Hizzoner slammed Cuomo over pledging to advocate for a $20 minimum wage in the city, after rejecting a similar proposal from former Mayor Bill de Blasio over a decade ago; saying he will address the city’s overlapping homelessness and mental health crises, even though he defunded a crucial state housing voucher program in 2011 and took pyschiatric beds offline; and promising to crackdown on crime, despite signing the 2019 bail reform laws that some say say made the city less safe.
“I spent so much time fixing the governor’s mess,” Adams said. “I had to correct what he put in place. And now he reached the point that, I mean, he would say any and everything to get elected. How about just being honest?”
The mayor is hardly the only candidate to argue that Cuomo’s campaign is at odds with many of his own actions as governor.
Other top contenders — including Queens Assembly Member Zohran Mamdani, who is in second place; City Comptroller Brad Lander; and City Council Speaker Adrienne Adams — also charge that Cuomo hurt the city through his policies in Albany.
Mayor Adams also took aim at Cuomo’s upbringing as the son of the late former Gov. Mario Cuomo, arguing that he hails from a “dynasty” and thus had advantages most other elected officials do not. Furthermoe, Adams said Cuomo’s background has allowed him to coast on his father’s name and stay in a “cocoon” that has sheilded him from scrutiny.

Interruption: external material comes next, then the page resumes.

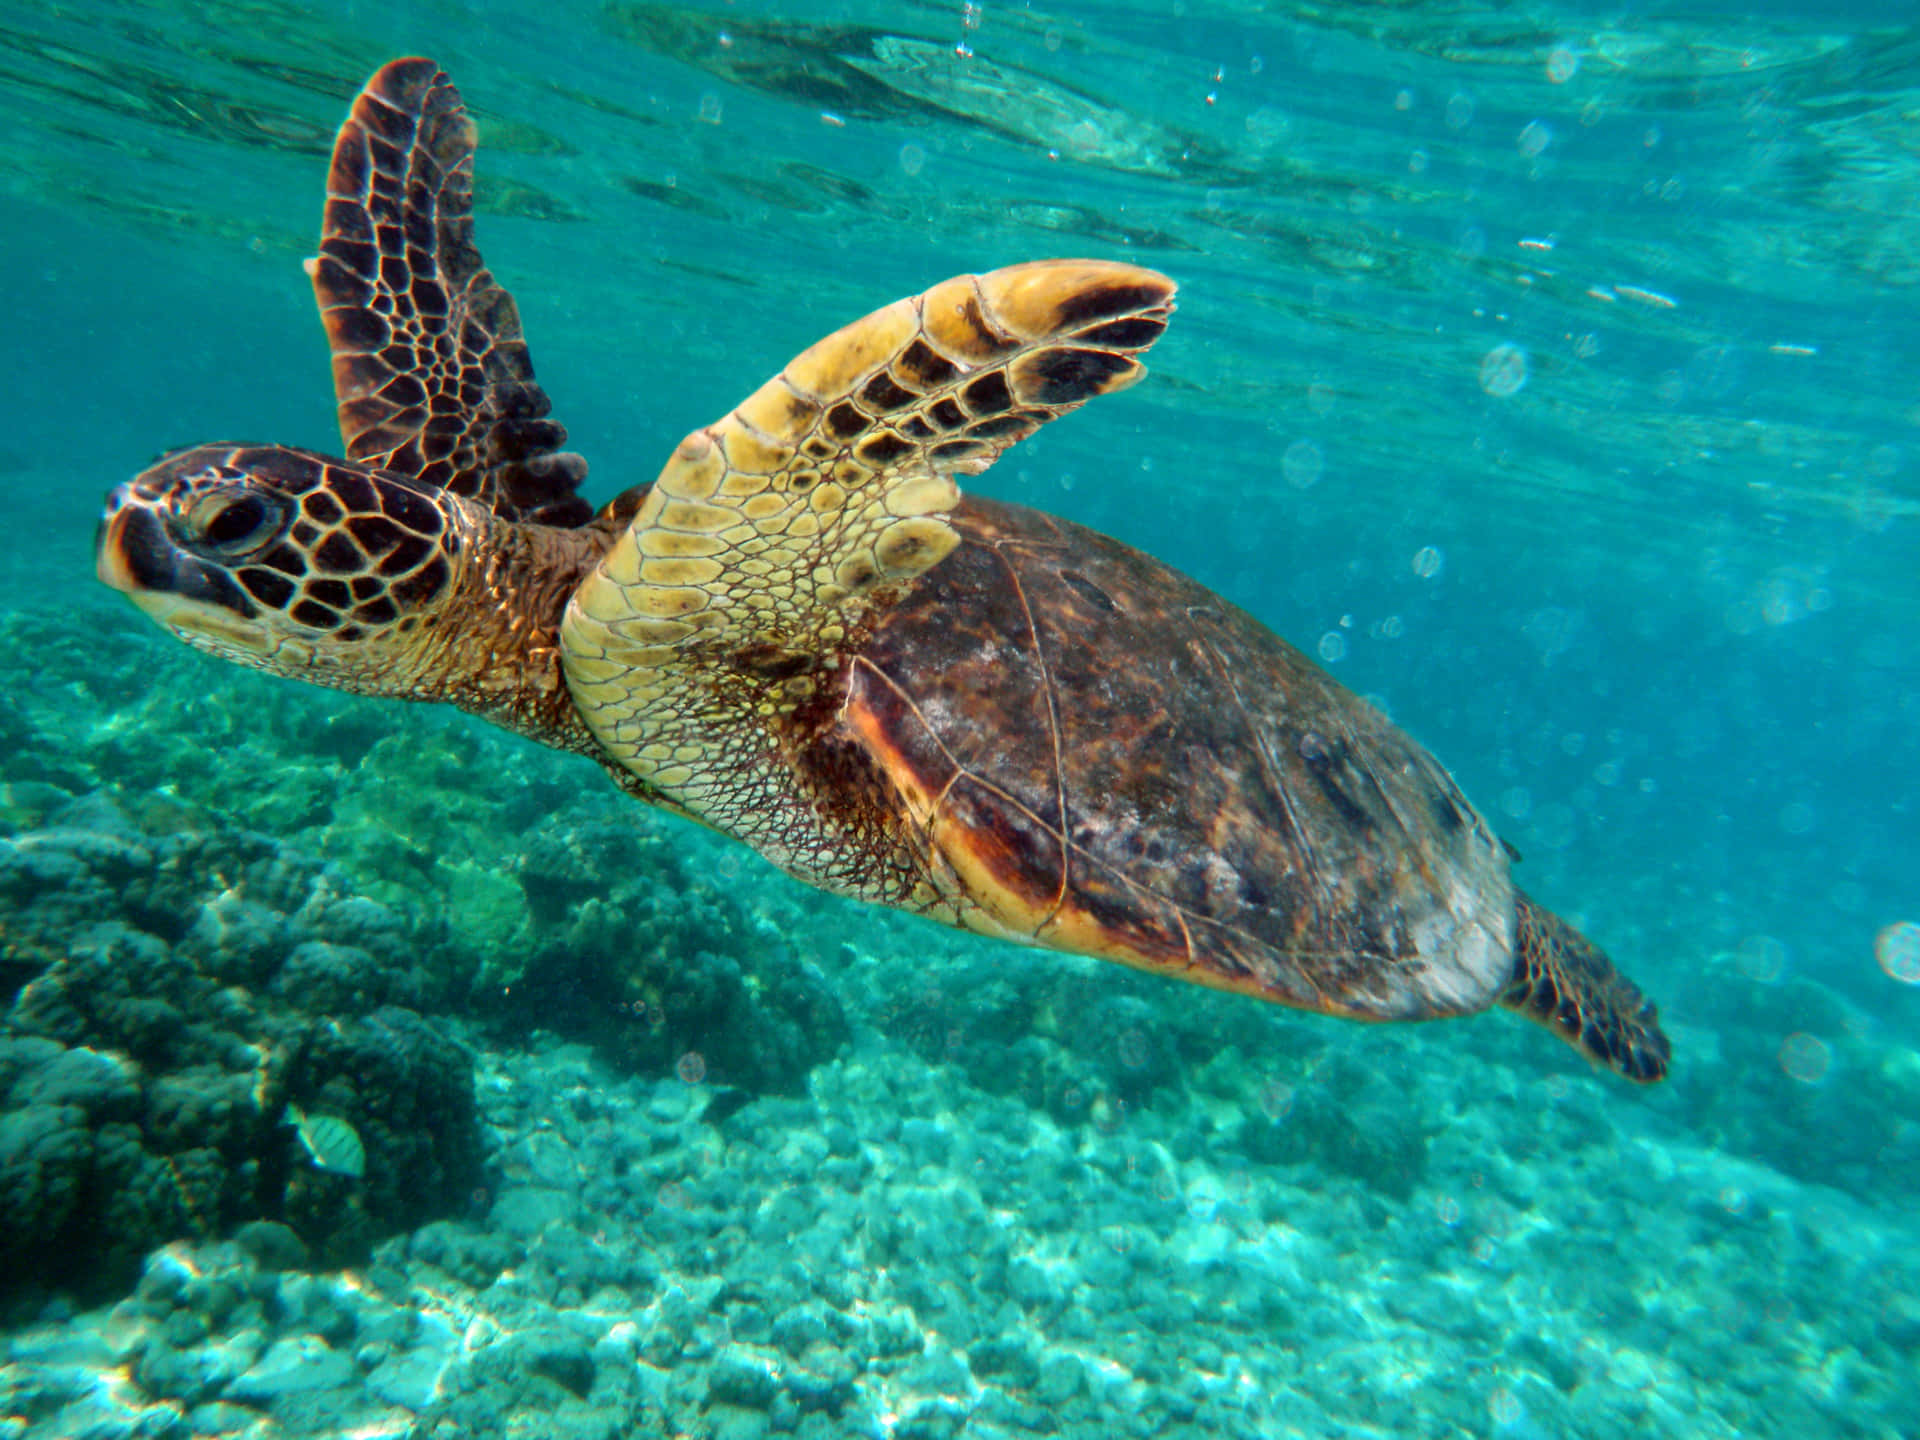 The beauty of a majestic sea turtle swimming in the Caribbean Sea.
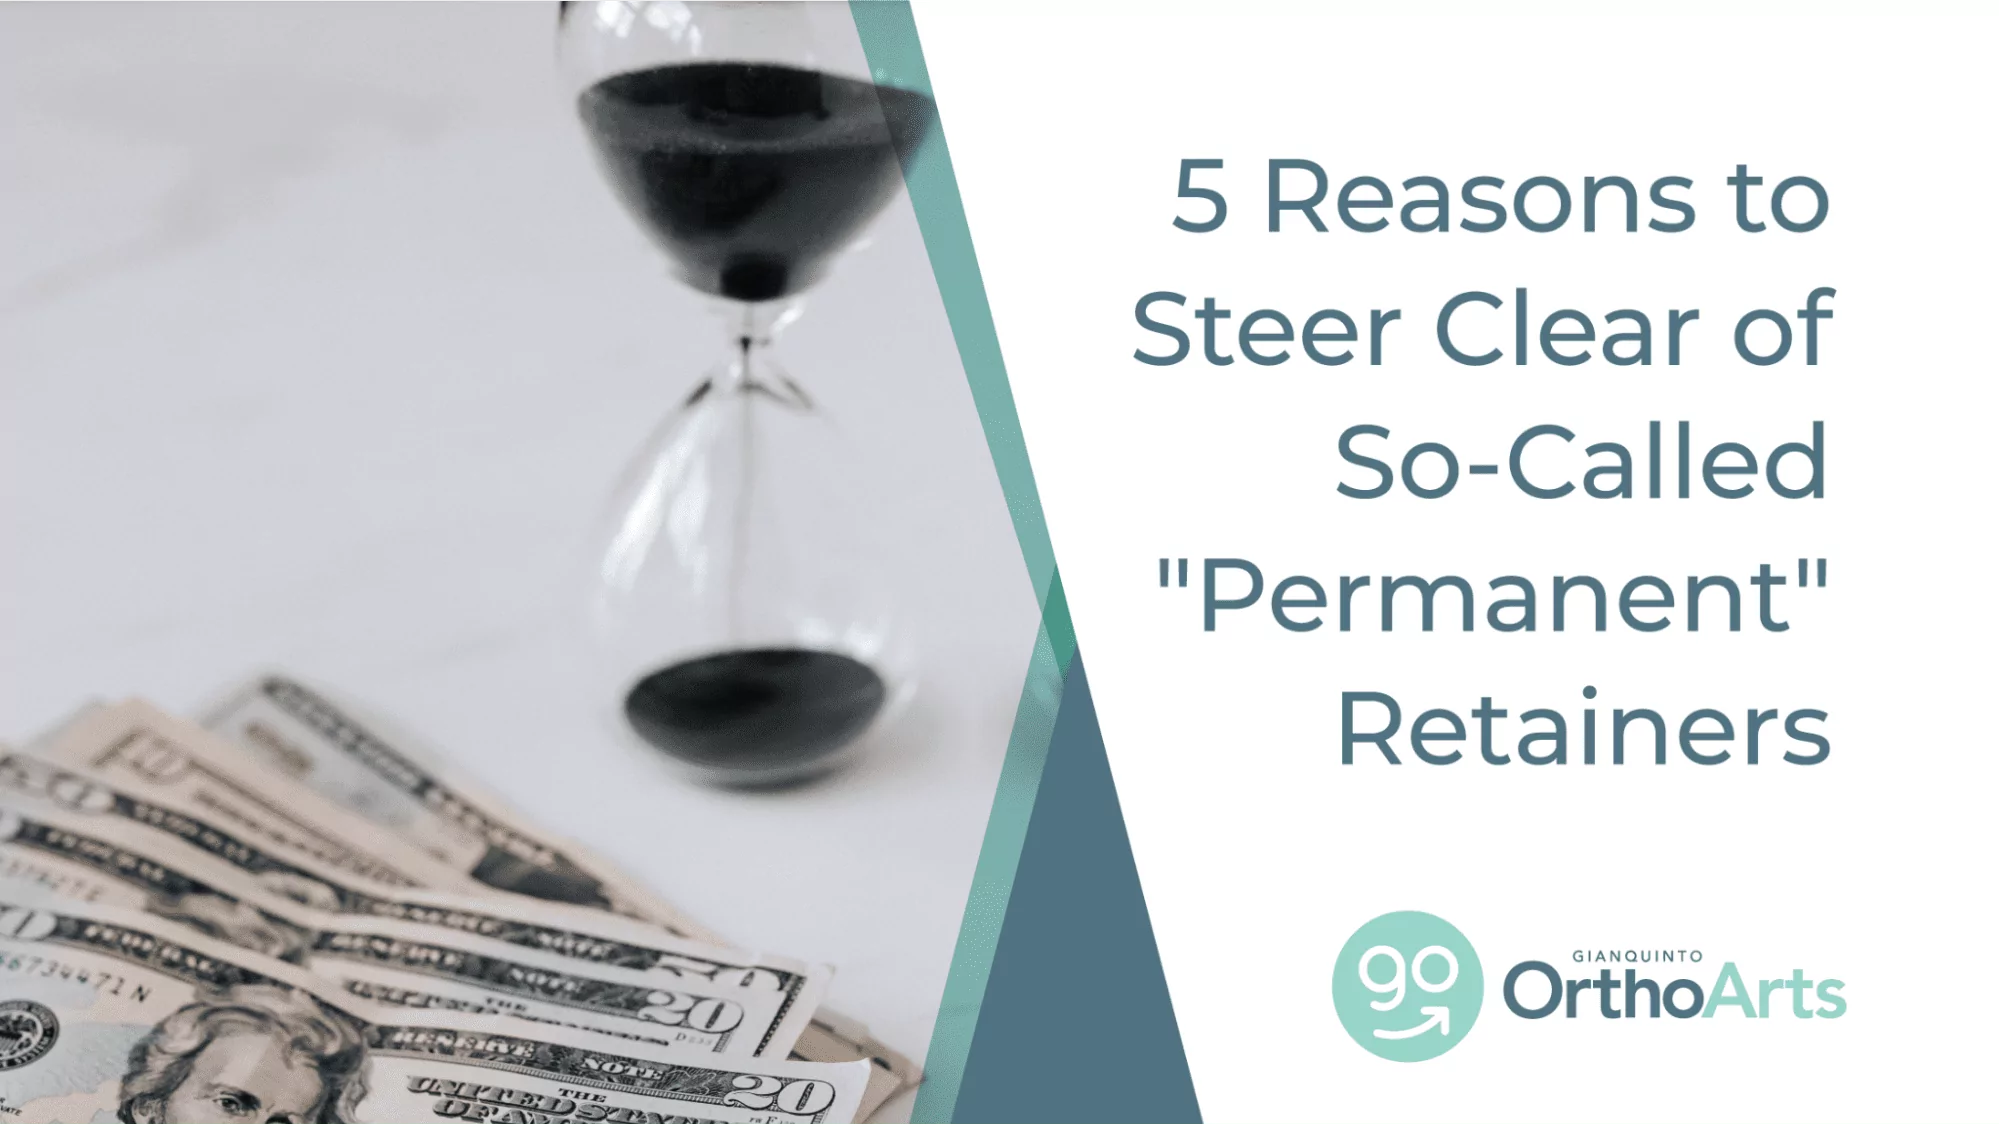 5 Reasons to Steer Clear of So-Called "Permanent" Retainers

“He never really had to campaign for anything. The Cuomo name goes so far because people really adored his dad,” Adams said. “He was always allowed to be in his cocoon. No one’s really had to scrutinize him. He’s always moved from one location to another location with this whole cocoon…It’s so easy to pick up the phone and call people when you are a Cuomo. You really are so far ahead of so many people.”